師妃暄的笑容依據燦爛,但是看在我的眼中卻是有些虛偽,不,其中還有一些他人所不能探之的痛苦。只聽她輕聲道:「多謝天笑剛才對禪心精彩的詮釋,使得妃暄受益無窮。妃暄還有一是不明,呵呵,天笑不要誤會,妃暄不會再問有關禪心的問題了。」
我也同樣微笑的看著她,淡淡的說道:「妃暄請問便是,在下有問必答。」
師妃暄神色一黯,因為她從我的笑容再也感覺不到了我剛剛流露的那種熱情,反而感到了一絲涼意,側過臉,不敢直視我的目光,輕聲的問道:「記得妃暄上次問天笑如何治國的問題嗎?天笑回答妃暄的是‘以仁義作劍柄,用刑法作劍身’,妃暄不甚理解,希望天笑能夠當面解答。
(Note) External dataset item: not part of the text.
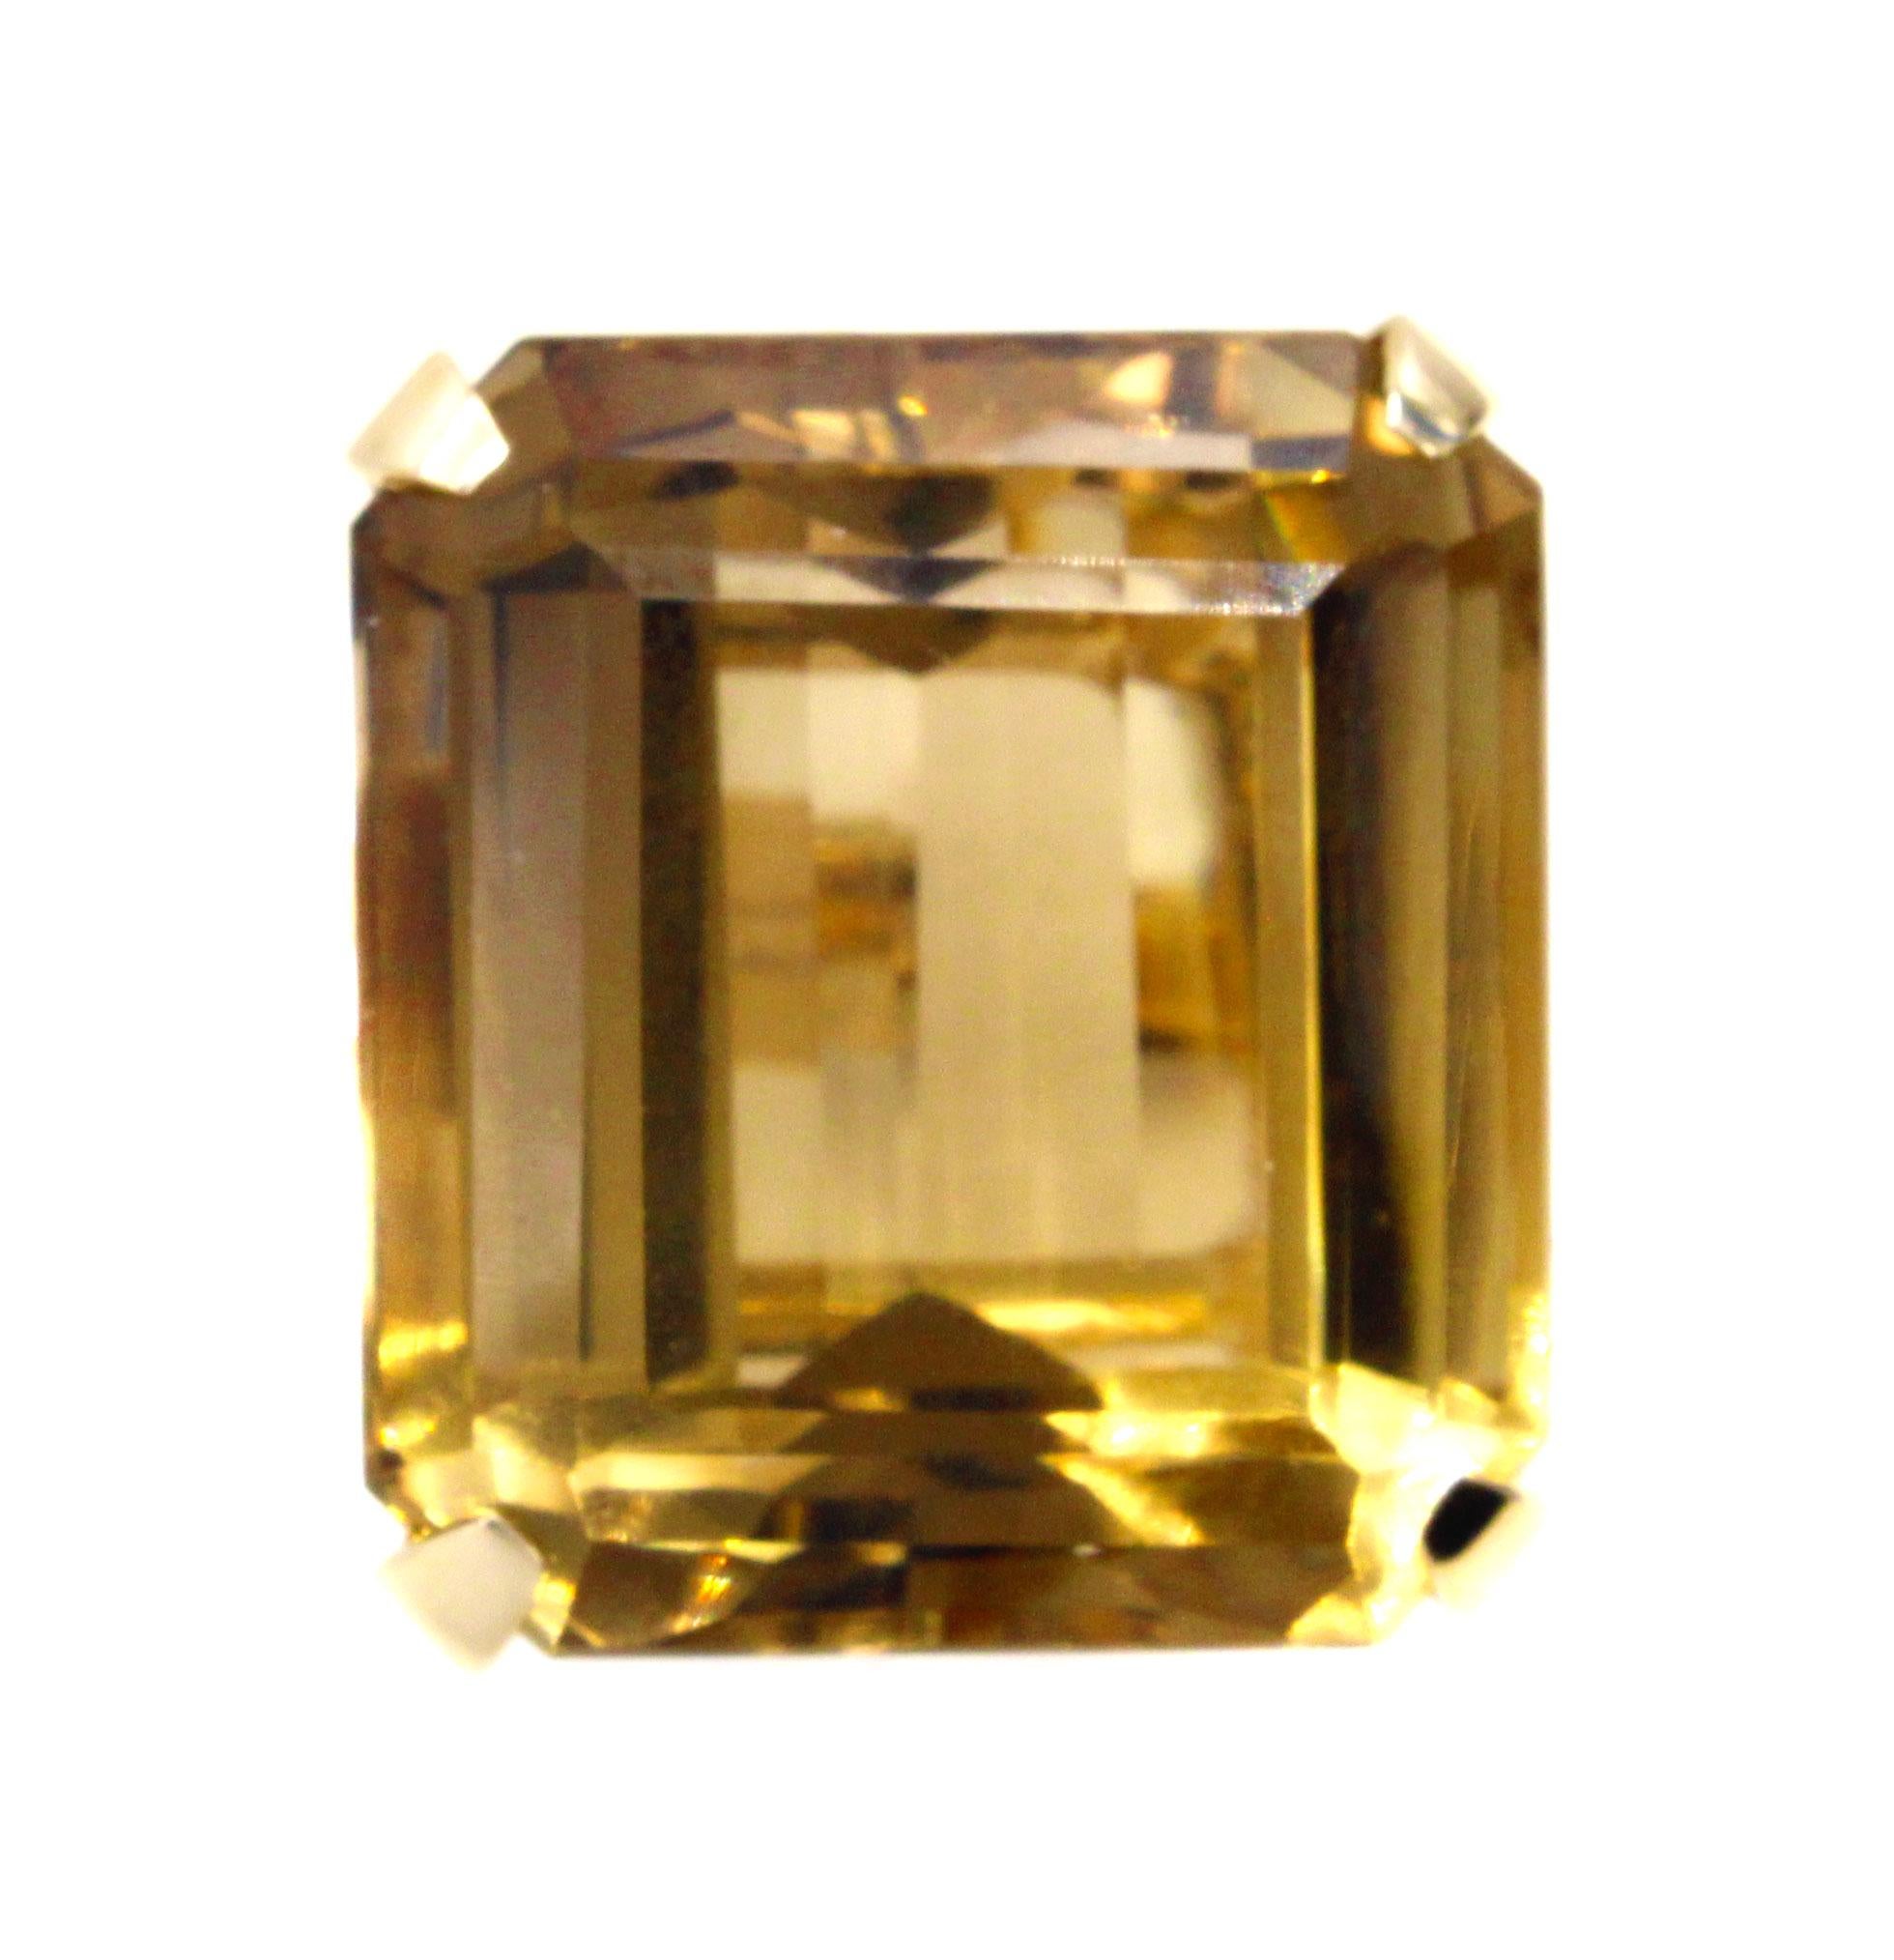 Featured in this handcrafted Retro yellow gold ring is a perfectly cut Citrine measured to weigh approximately 51 carats. The beautifully emerald cut gemstone exhibits a wonderful saturation of color and brilliance. This bold piece of jewelry is
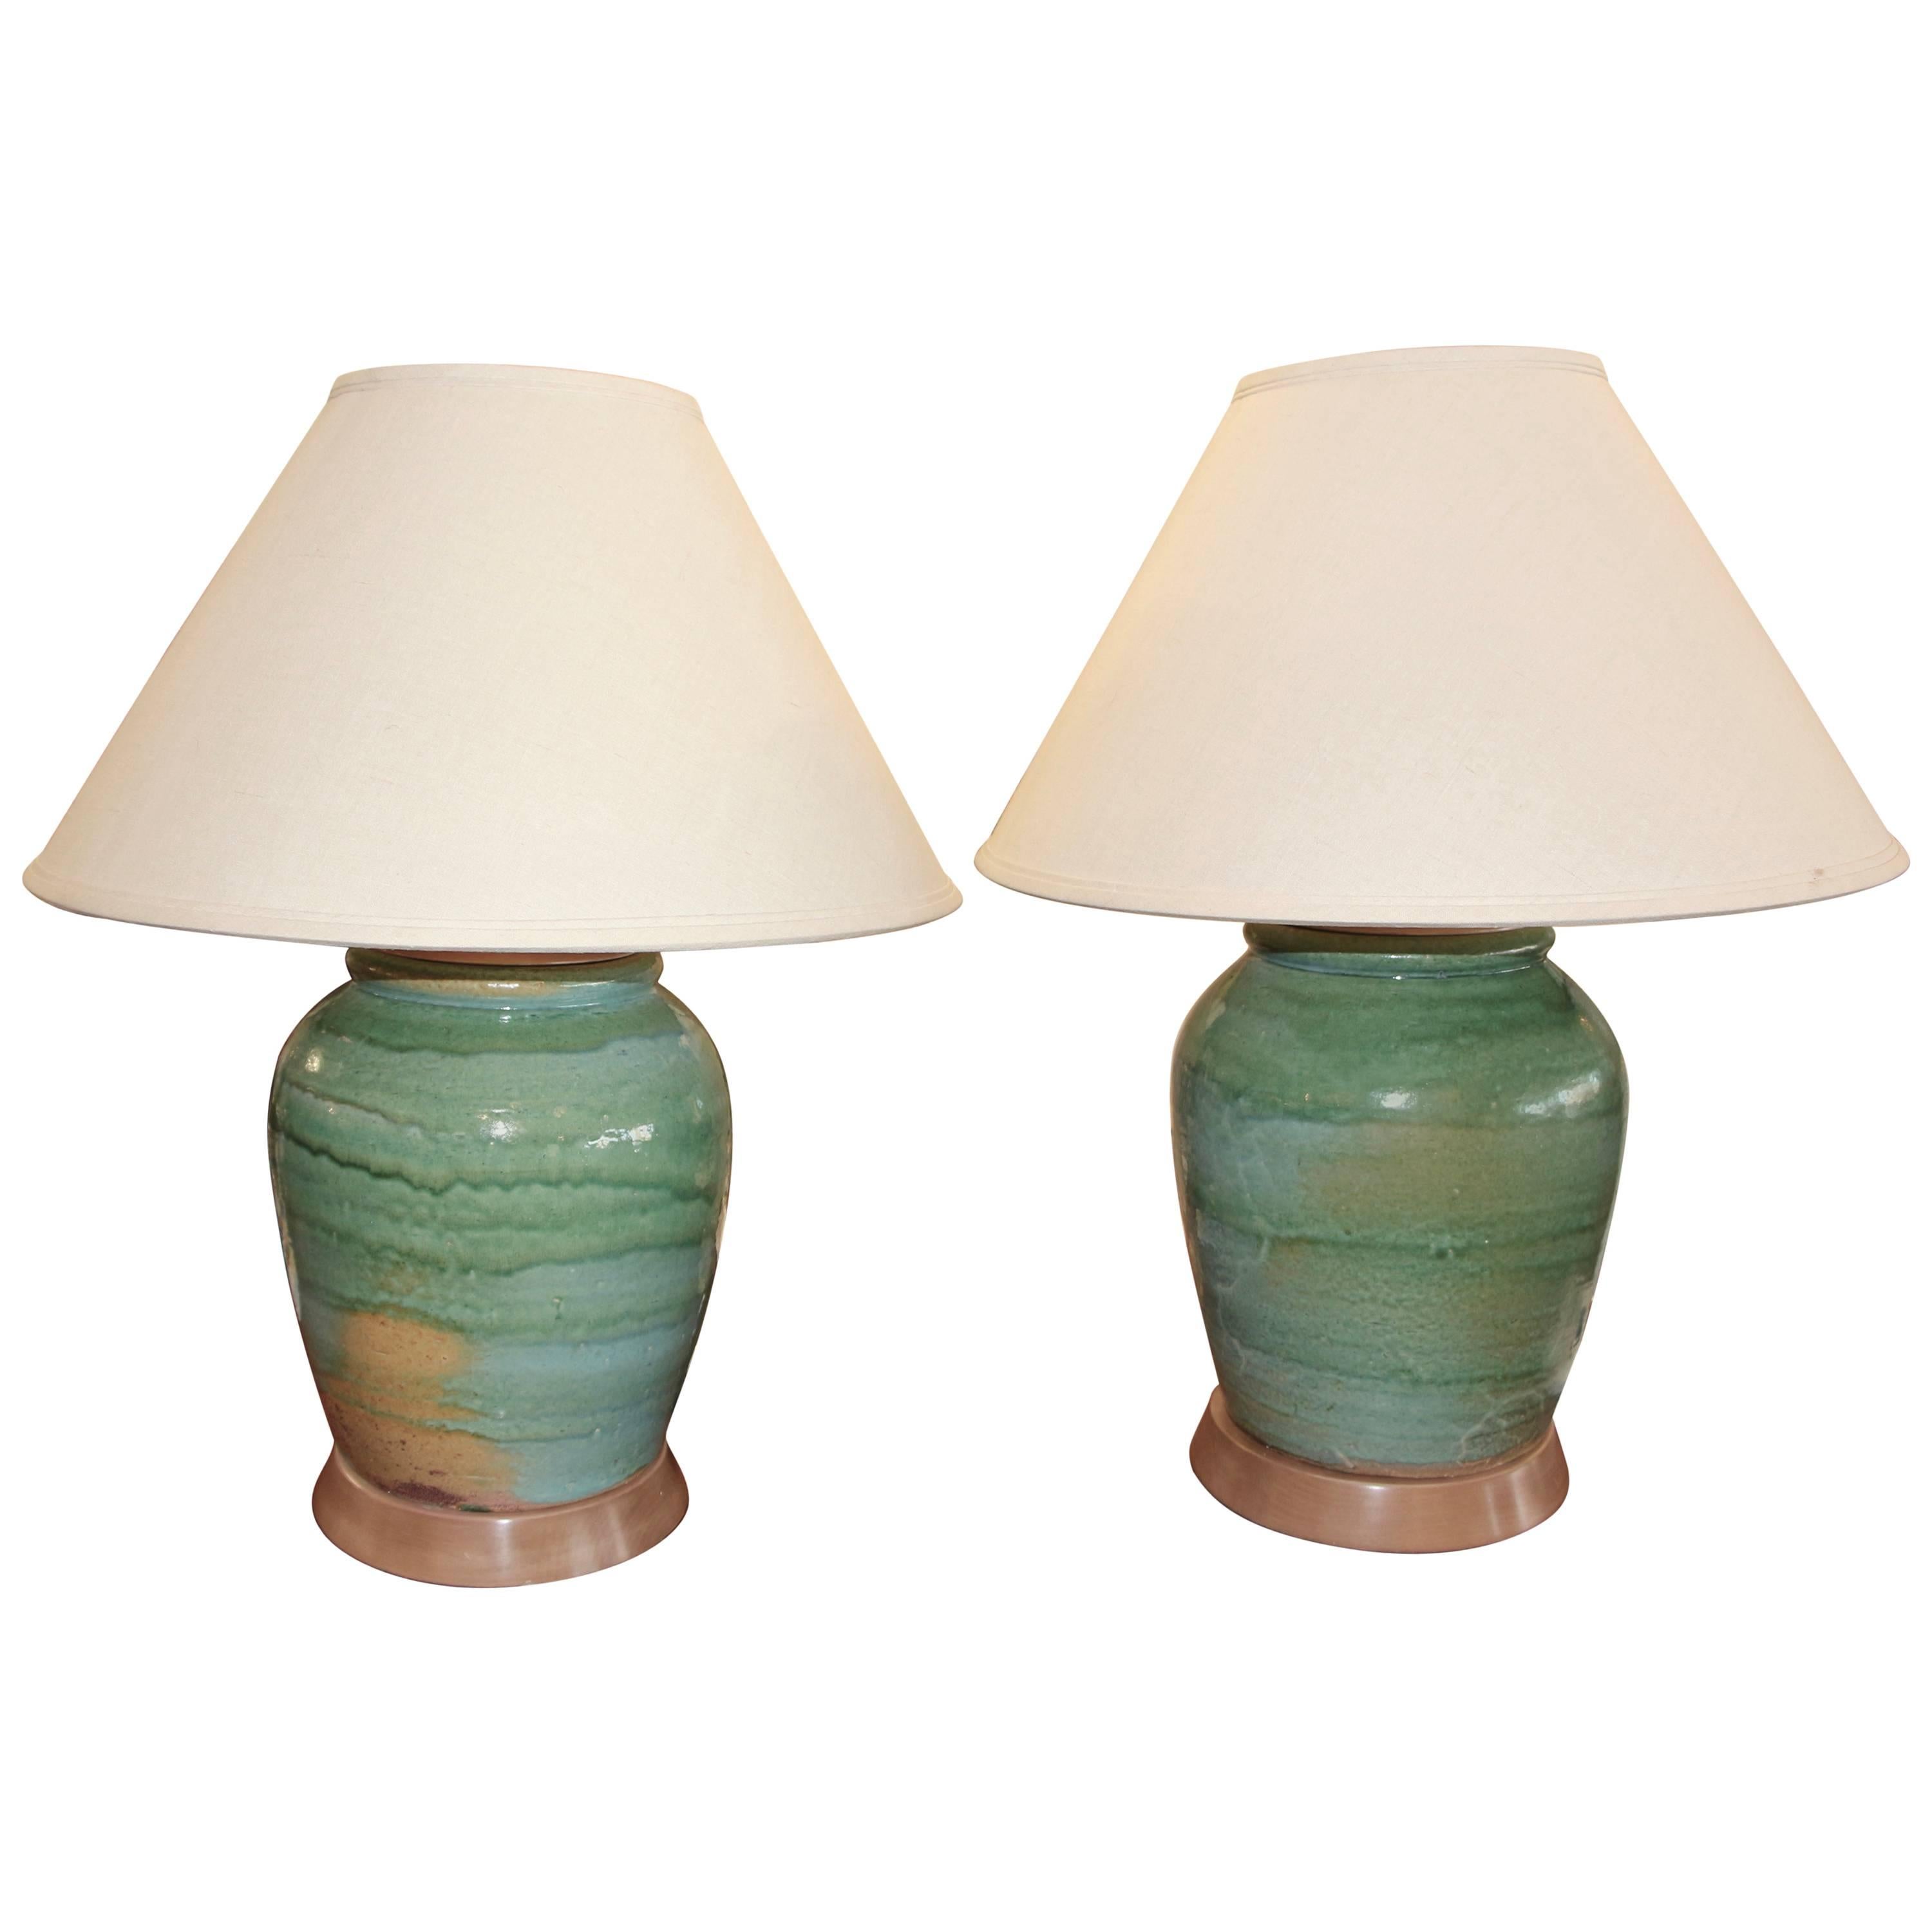 Nice Pair of Steve Chase Lamps Made Out of Old Asian Ceramics

」
我笑了笑道:「剛剛妃暄問了我一個大問題,呵呵,所謂禮尚往來,我在回答這個問題之前也想問妃暄一個問題。」
師妃暄微微一愣,沒想到我會要求問她一個問題,旋即笑著應道:「當然好了,天笑回答的如此富有哲理,想來這個問題也必定是發人深省。」
我道:「太史公讀《孟子》,至梁惠王問,何以利吾國,不覺置卷長嘆!利,誠亂之始也。故夫子罕言利,常防其原也。取利不公則法亂,以欺取利則事亂,事亂則人爭不平,法亂則民怨不服,其悖戾鬥諍,不顧死亡者,自此發矣。慈航靜齋既然有志為天地立心,為生民立命,為往聖繼絕學,為萬世開太平,當如何做呢?呵呵,妃暄也有三個選擇:尊仁義、均貧富和制王權。」
師妃暄沒有想到我會提出這樣的一個問題,更是公然的將慈航靜齋牽涉到其中,滿臉的凝重但是卻是毫不猶豫的回答道:「當然是‘尊仁義’」
我搖了搖頭,情不自禁的流露出失望的神色,心中嘆道慈航靜齋的那種假仁假義的腐朽與妄自尊大的做作已經像種子一般的埋入了師妃暄的頭腦中,才會使得她如此慧智之人依舊執著於儒教的「仁義」。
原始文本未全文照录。